### Task
Within the records below, find the line with "NEW FISKARS FABRIC" and the line with "Father and son fishing on a boat in a lake", then reproduce exactly those two lines and all lines between them, without any picture.

### Data under study

::::::

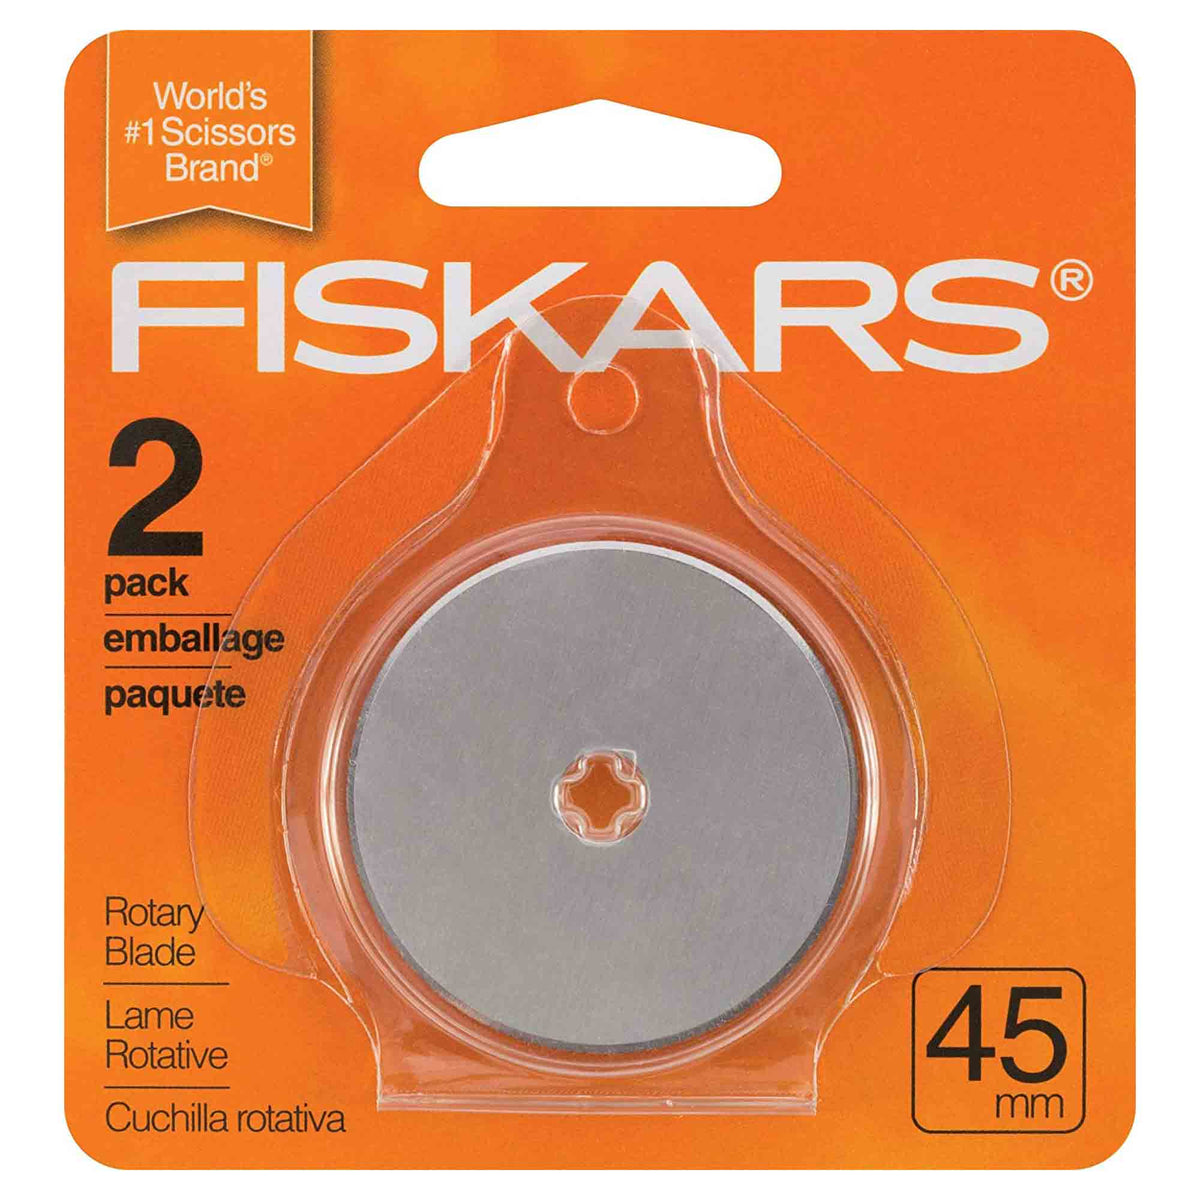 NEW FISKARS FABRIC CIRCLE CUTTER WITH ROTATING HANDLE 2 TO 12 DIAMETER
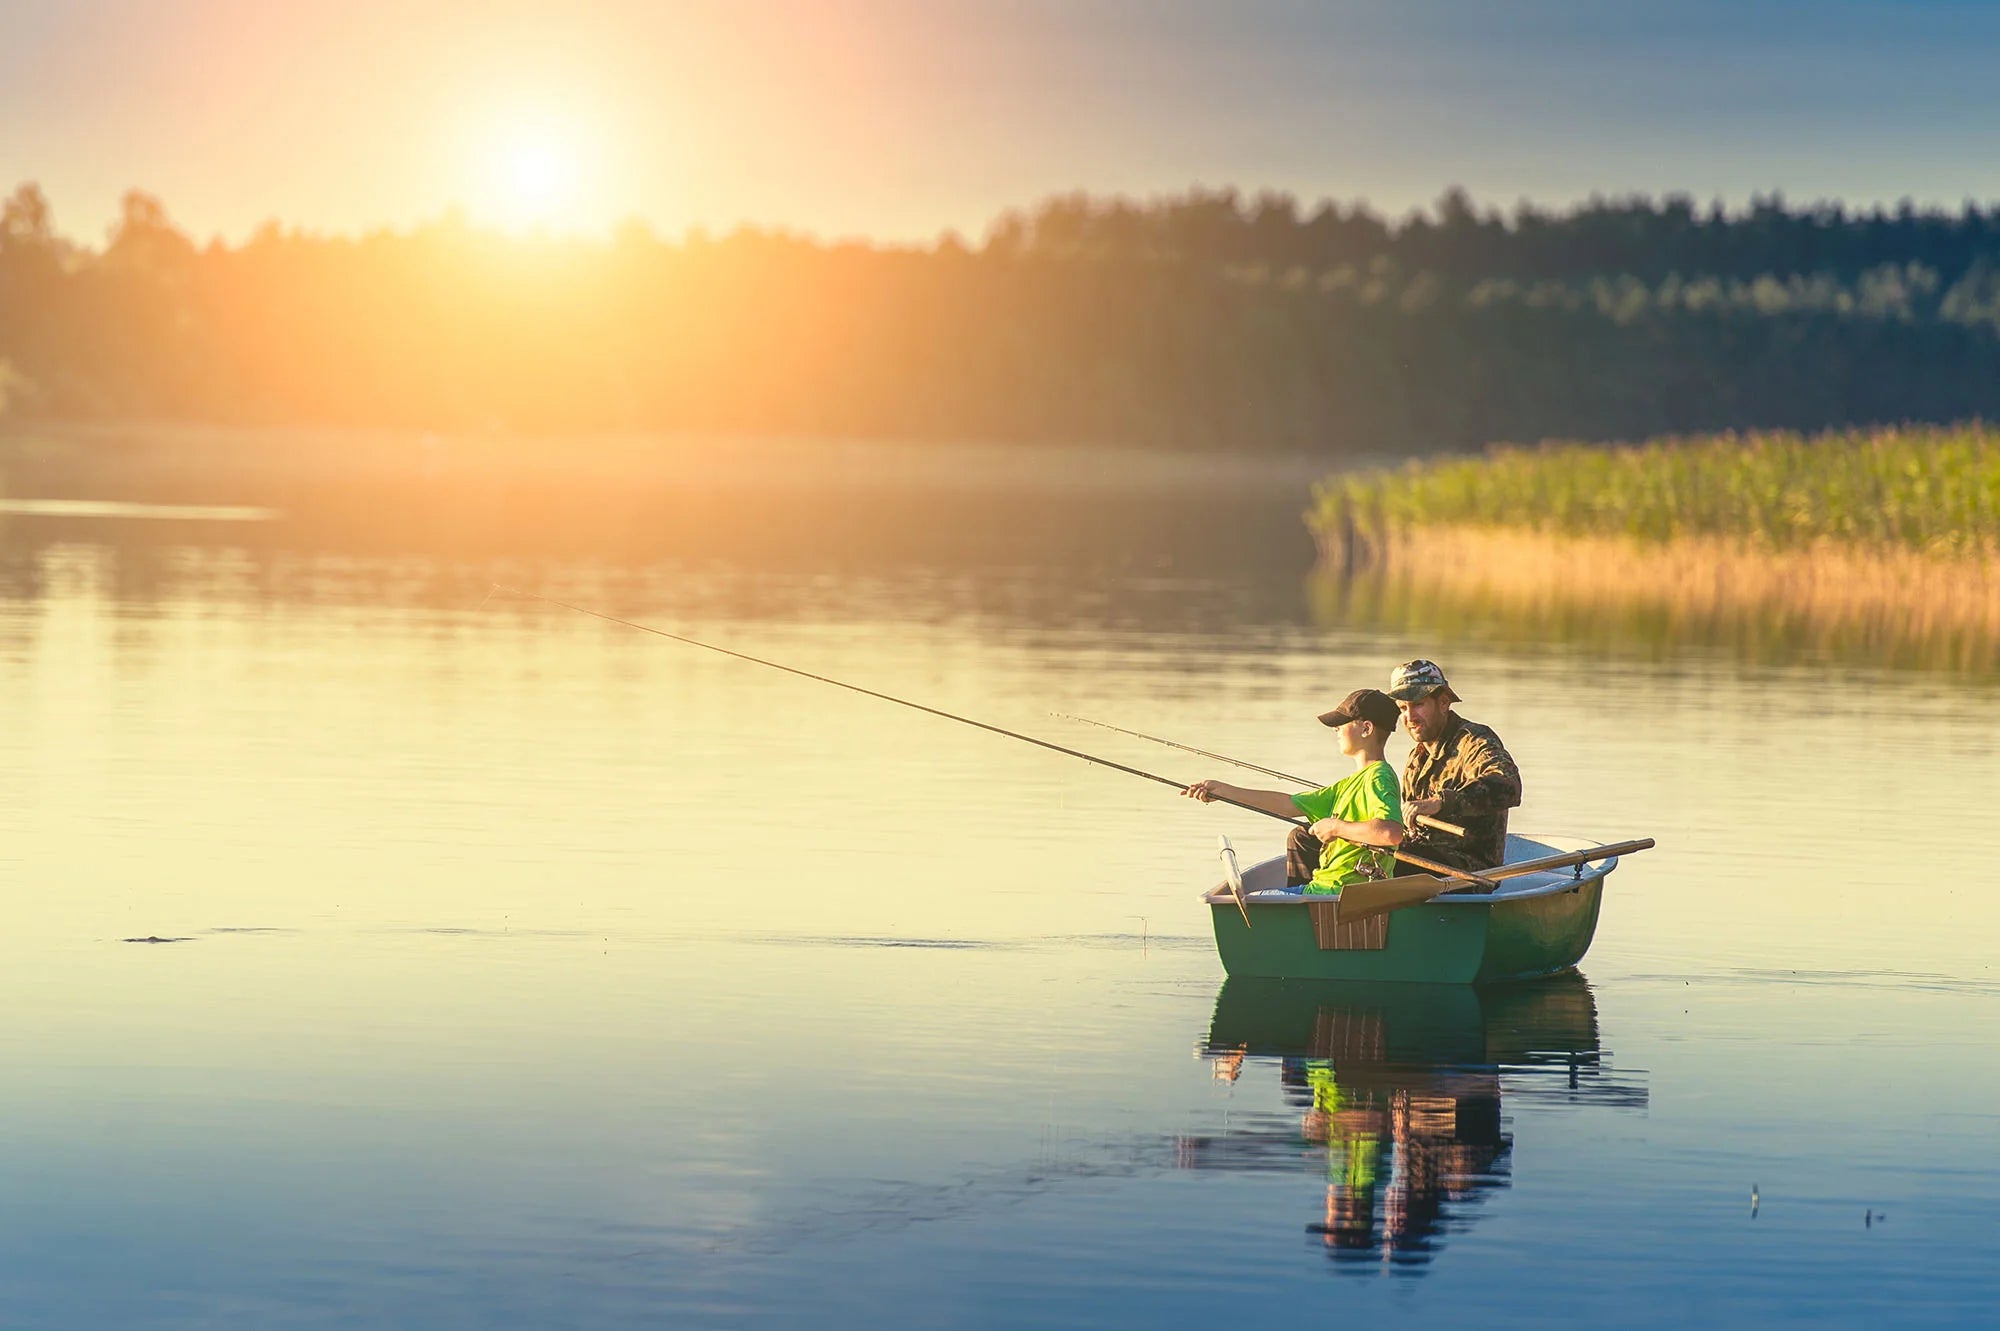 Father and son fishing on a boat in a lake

::::::

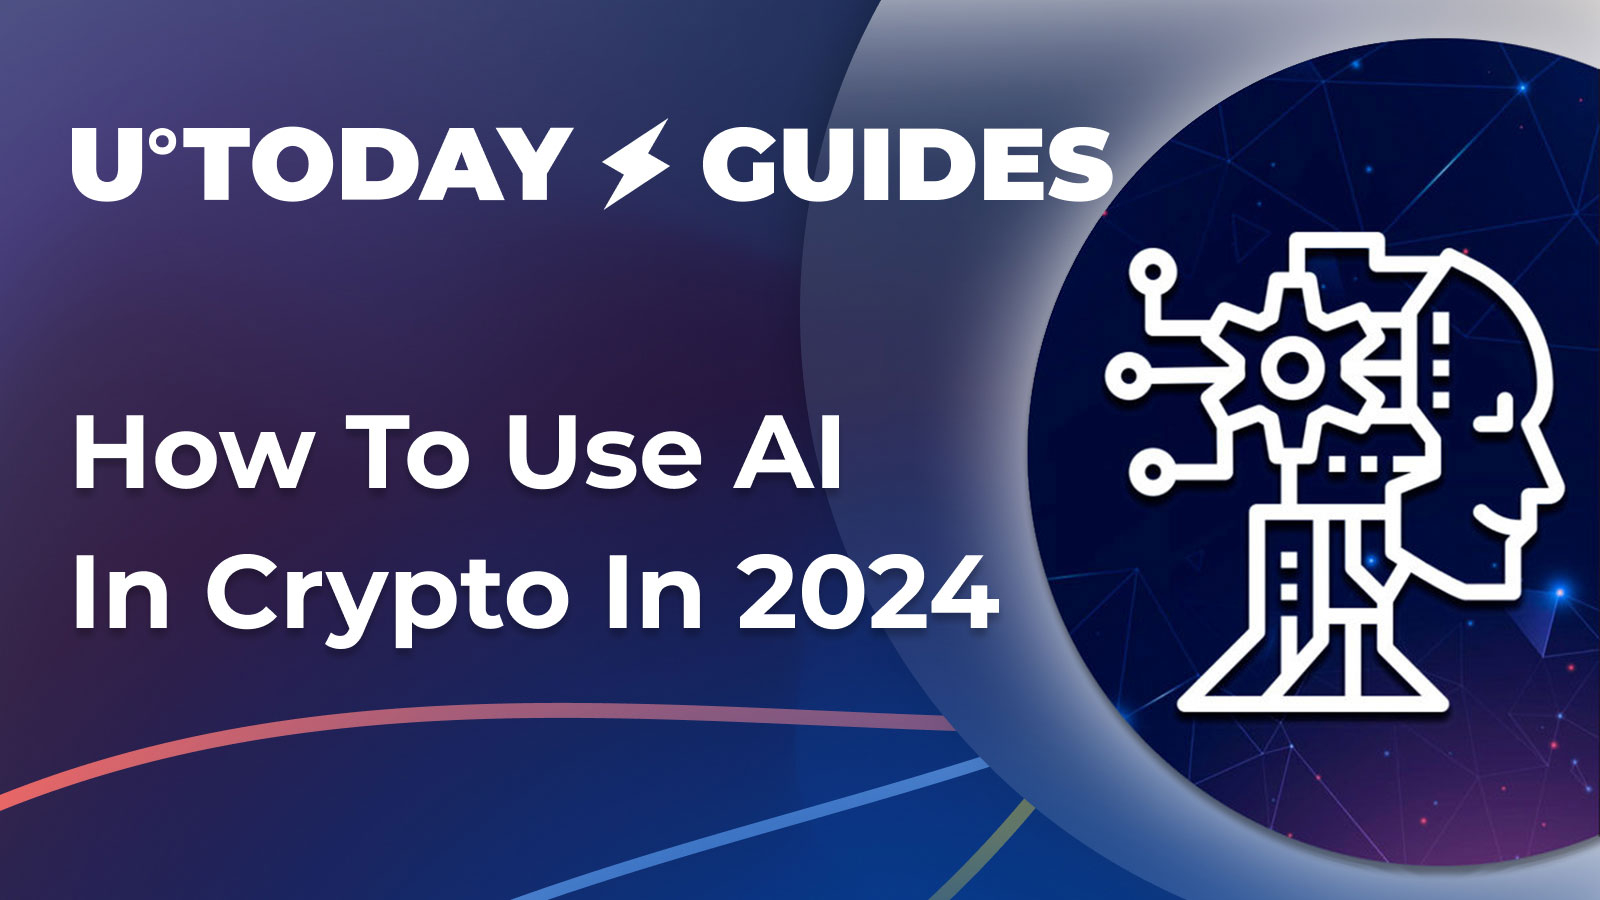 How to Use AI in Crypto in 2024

::::::

### Response area
 NEW FISKARS FABRIC CIRCLE CUTTER WITH ROTATING HANDLE 2 TO 12 DIAMETER
 Father and son fishing on a boat in a lake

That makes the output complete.